[[ Data to examine, beginning ]]

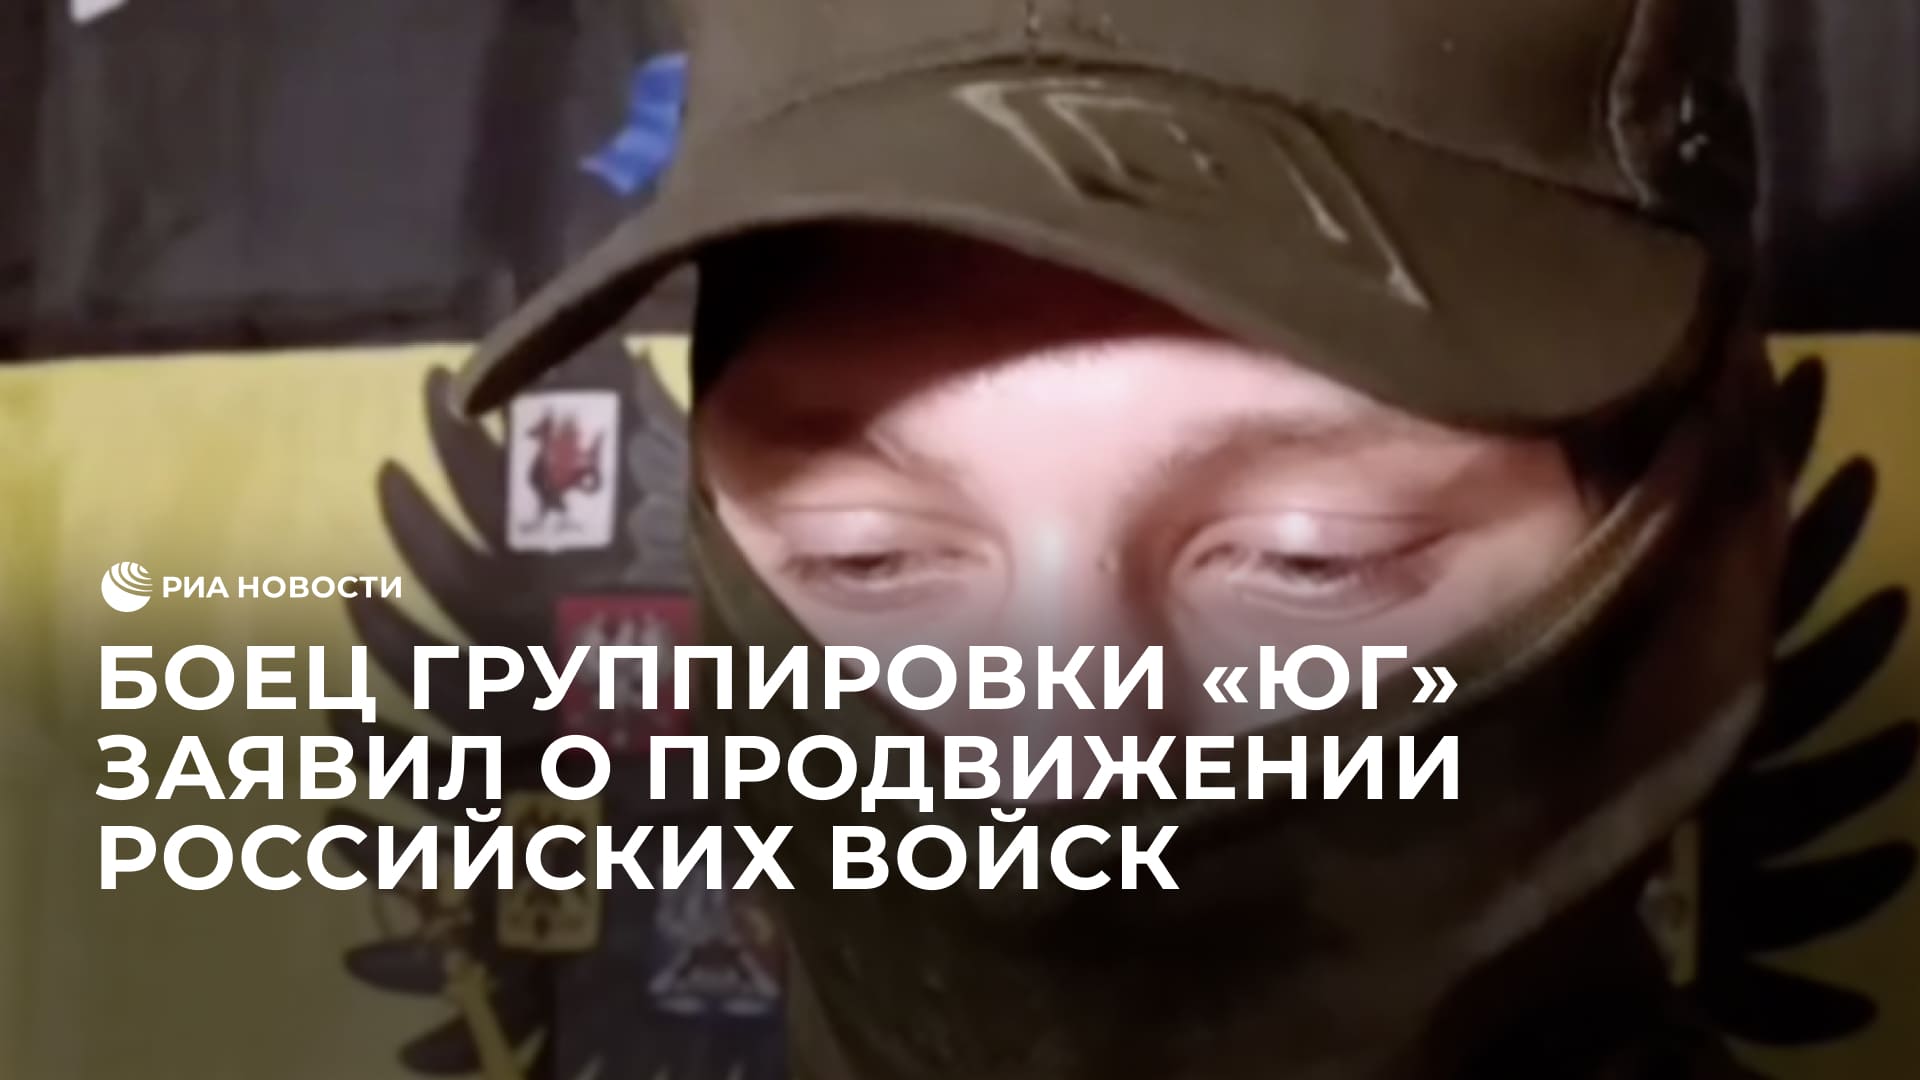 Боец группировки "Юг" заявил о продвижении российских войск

[[ Data to examine, end ]]
[[ Data to examine, beginning ]]

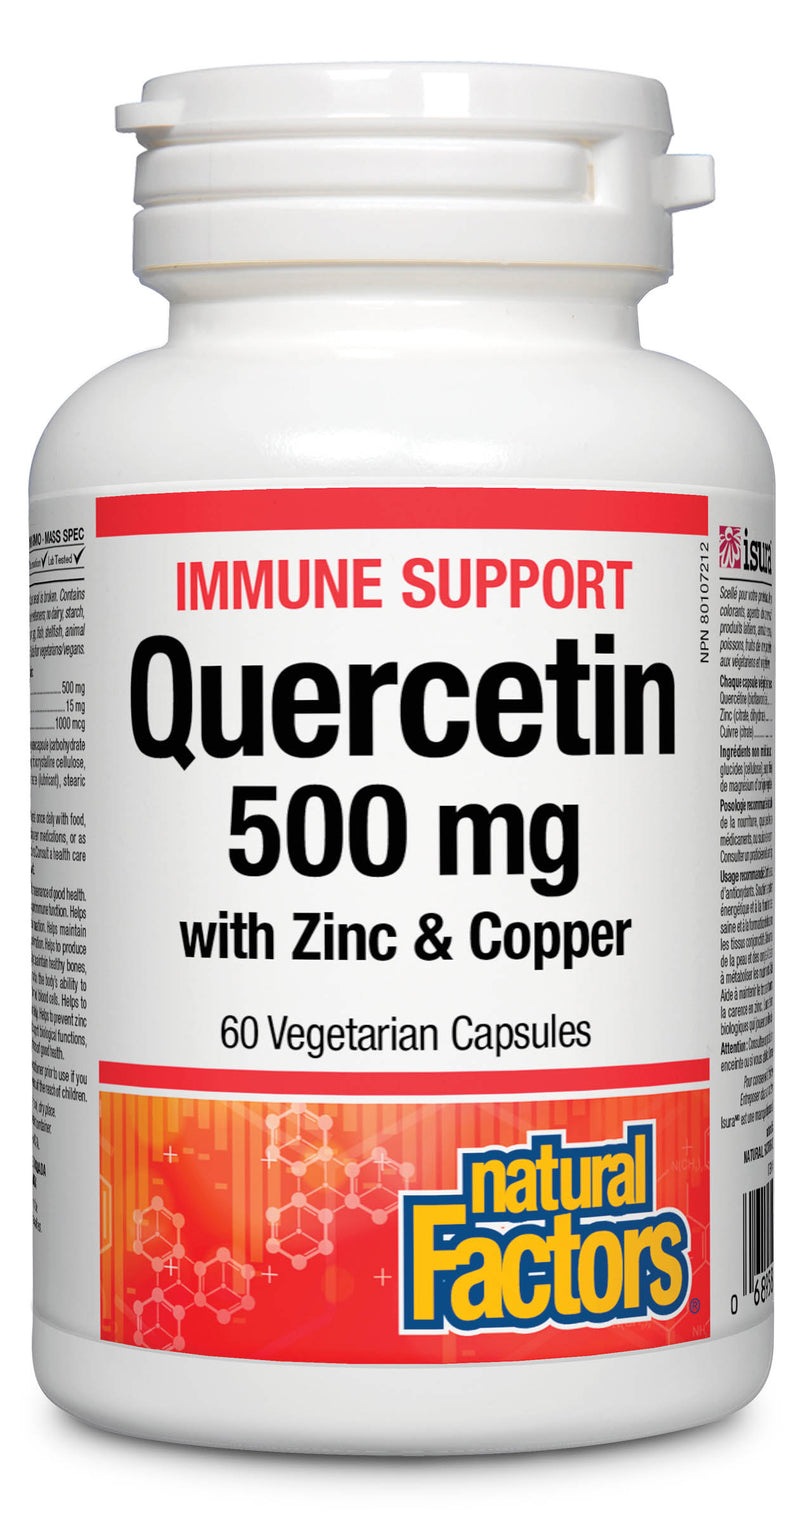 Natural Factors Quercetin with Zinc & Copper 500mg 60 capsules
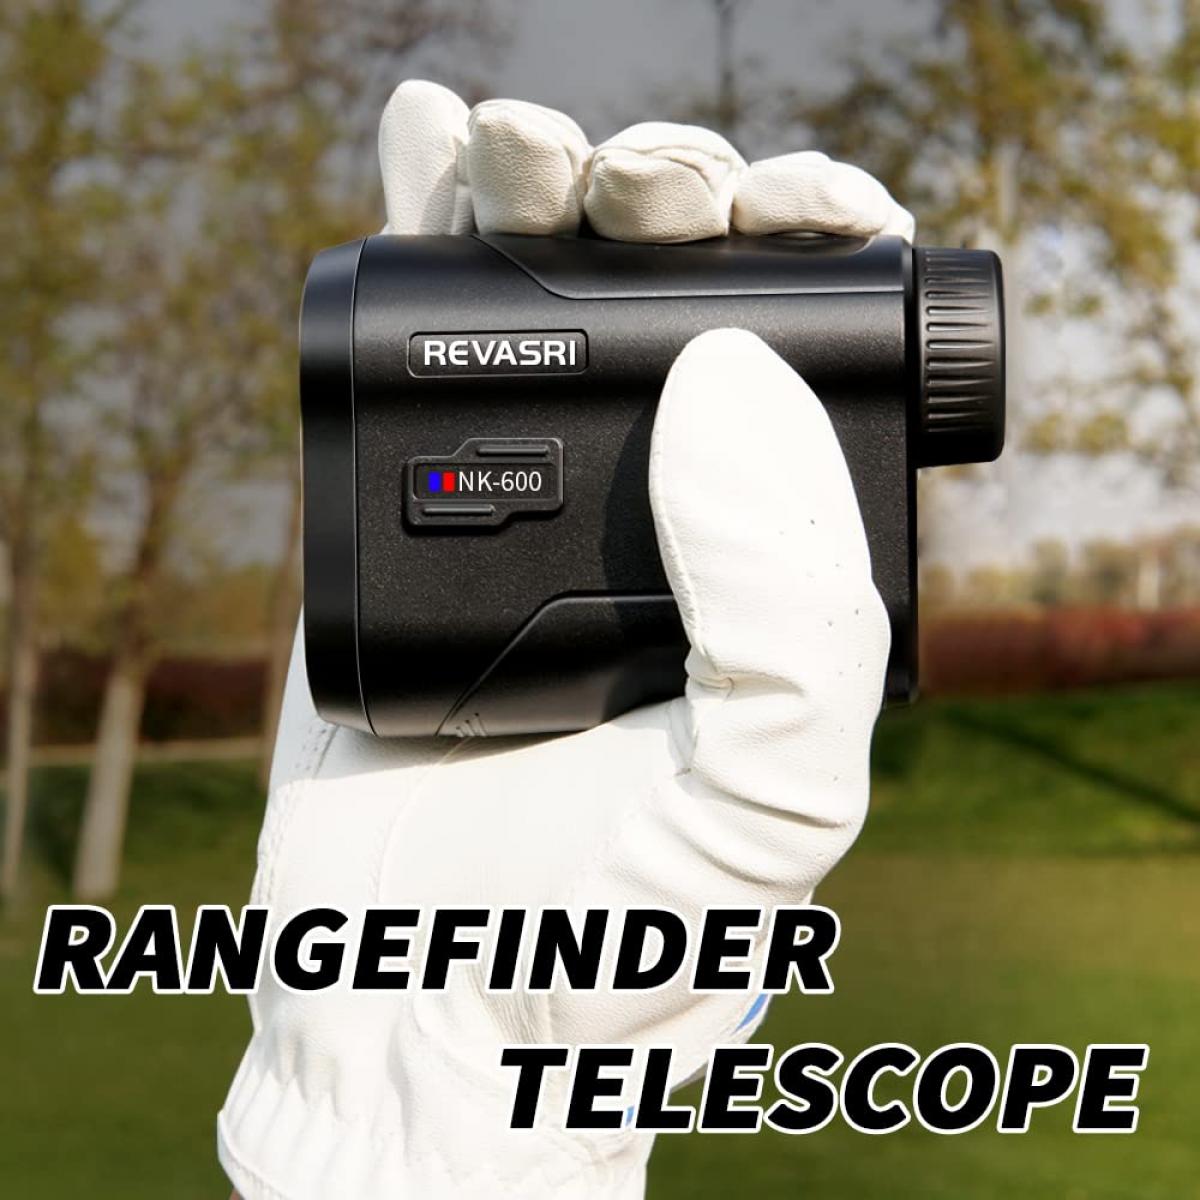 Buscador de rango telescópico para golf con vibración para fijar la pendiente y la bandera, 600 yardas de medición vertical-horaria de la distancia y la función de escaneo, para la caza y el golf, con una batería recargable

[[ Data to examine, end ]]

**Exercise description:**
Copy exactly the lines of the listing above between the one holding "Natural Factors Quercetin" and the one holding "Buscador de rango", inclusive; omit all pictures.

**Reply to the task:**
 Natural Factors Quercetin with Zinc & Copper 500mg 60 capsules
 Buscador de rango telescópico para golf con vibración para fijar la pendiente y la bandera, 600 yardas de medición vertical-horaria de la distancia y la función de escaneo, para la caza y el golf, con una batería recargable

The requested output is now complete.